At the very least, it has to be a useful exercise to look closely
at the core of a language to see if there are any axioms that
could be weeded out. I've found in my long career as a slob that
cruft breeds cruft, and I've seen this happen in software as
well as under beds and in the corners of rooms.
I have a hunch that
the main branches of the evolutionary tree pass through the languages
that have the smallest, cleanest cores.
The more of a language you can write in itself,
the better.
Of course, I'm making a big assumption in even asking what
programming languages will be like in a hundred years.
Will we even be writing programs in a hundred years? Won't
we just tell computers what we want them to do?
There hasn't been a lot of progress in that department
so far.
My guess is that a hundred years from now people will
still tell computers what to do using programs we would recognize
as such. There may be tasks that we
solve now by writing programs and which in a hundred years
you won't have to write programs to solve, but I think
there will still be a good deal of
programming of the type that we do today.
It may seem presumptuous to think anyone can predict what
any technology will look like in a hundred years. But
remember that we already have almost fifty years of history behind us.
Looking forward a hundred years is a graspable idea
when we consider how slowly languages have evolved in the
past fifty.
Languages evolve slowly because they're not really technologies.
Languages are notation. A program is a formal description of
the problem you want a computer to solve for you.
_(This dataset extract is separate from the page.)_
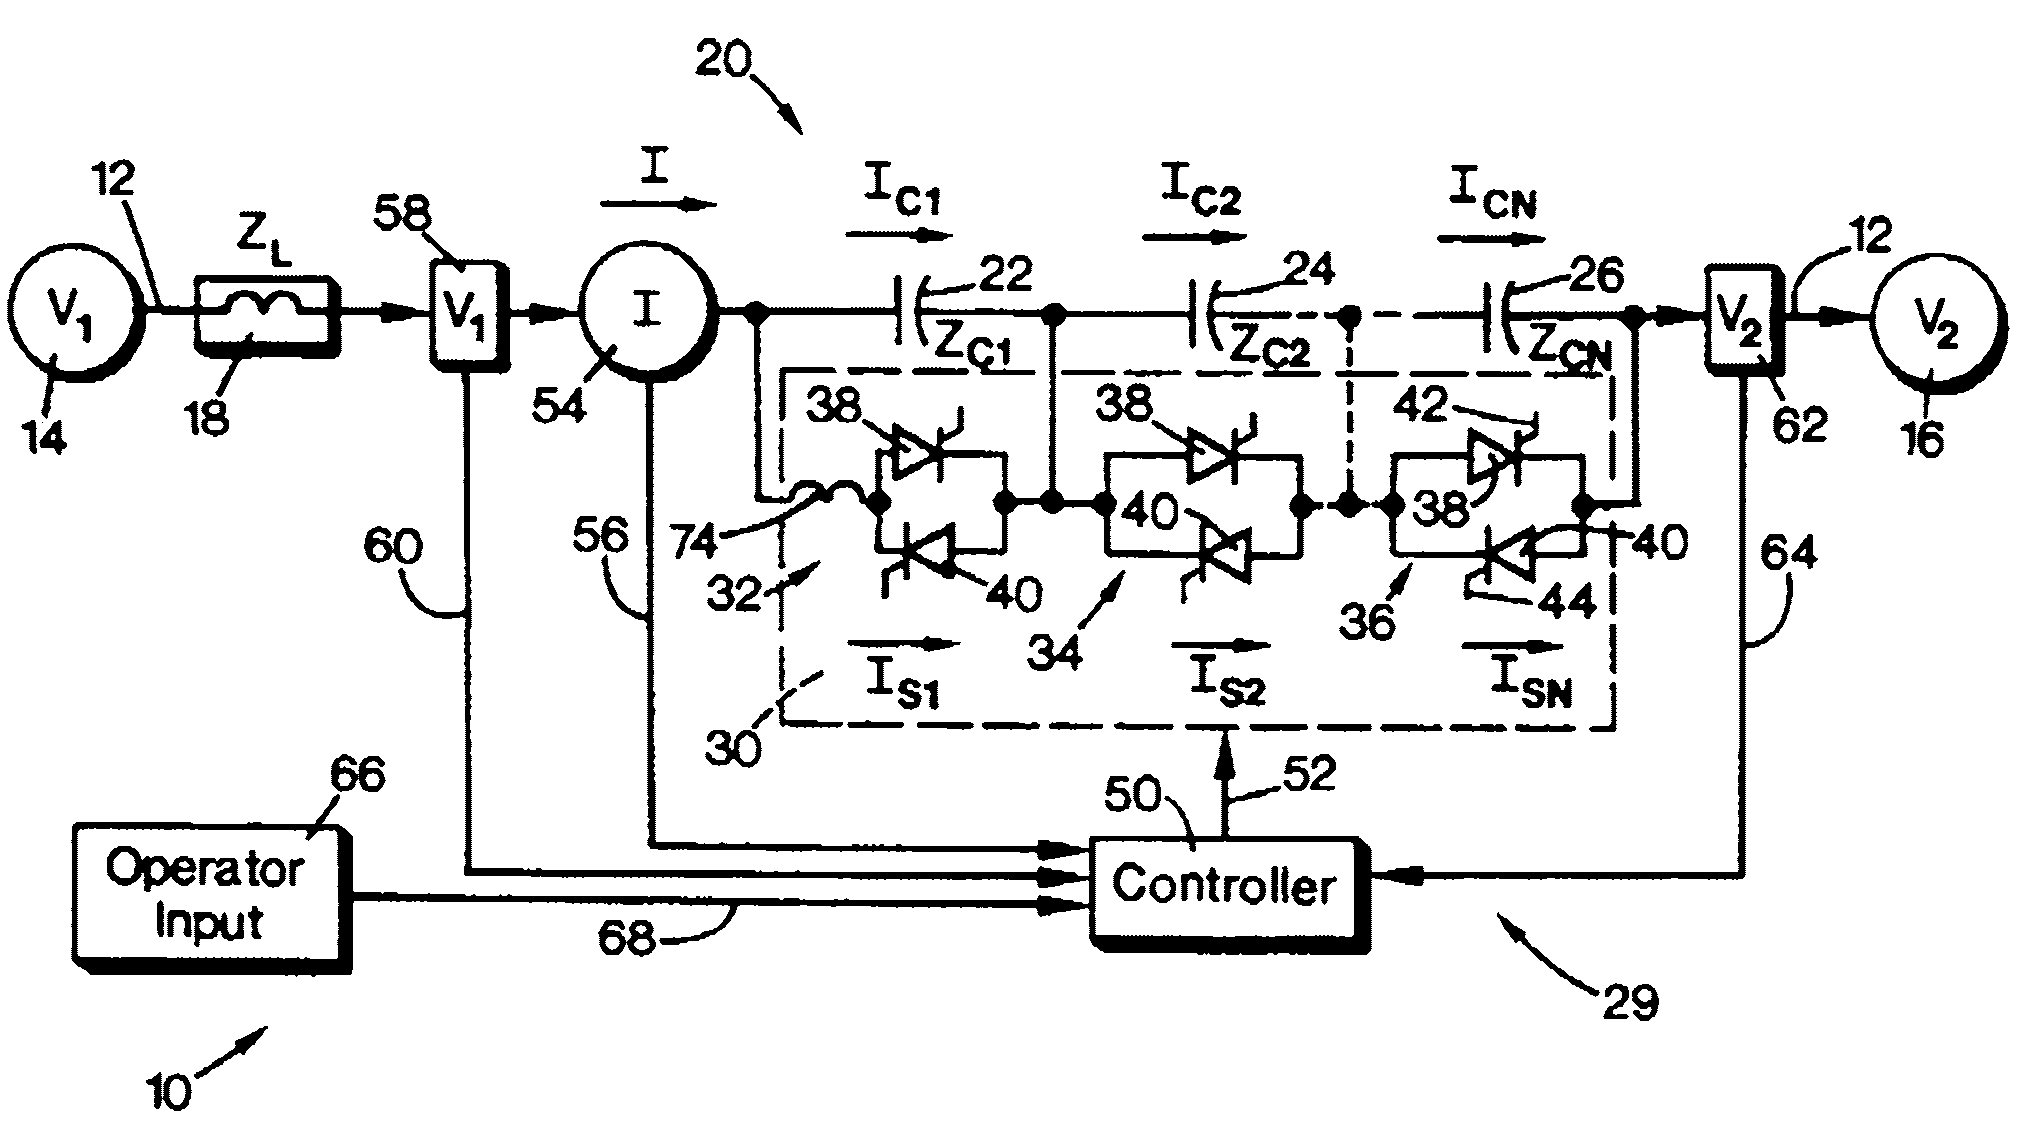 Power flow controller with failure current limiting function

So the rate
of evolution in programming languages is more like the
rate of evolution in mathematical notation than, say,
transportation or communications.
Mathematical notation does evolve, but not with the giant
leaps you see in technology.
Whatever computers are made of in a hundred years, it seems
safe to predict they will be much faster than
they are now. If Moore's Law continues to put out, they will be 74
quintillion (73,786,976,294,838,206,464) times faster. That's kind of
hard to imagine. And indeed, the most likely prediction in the
speed department may be that Moore's Law will stop working.
Anything that is supposed to double every eighteen months seems
likely to run up against some kind of fundamental limit eventually.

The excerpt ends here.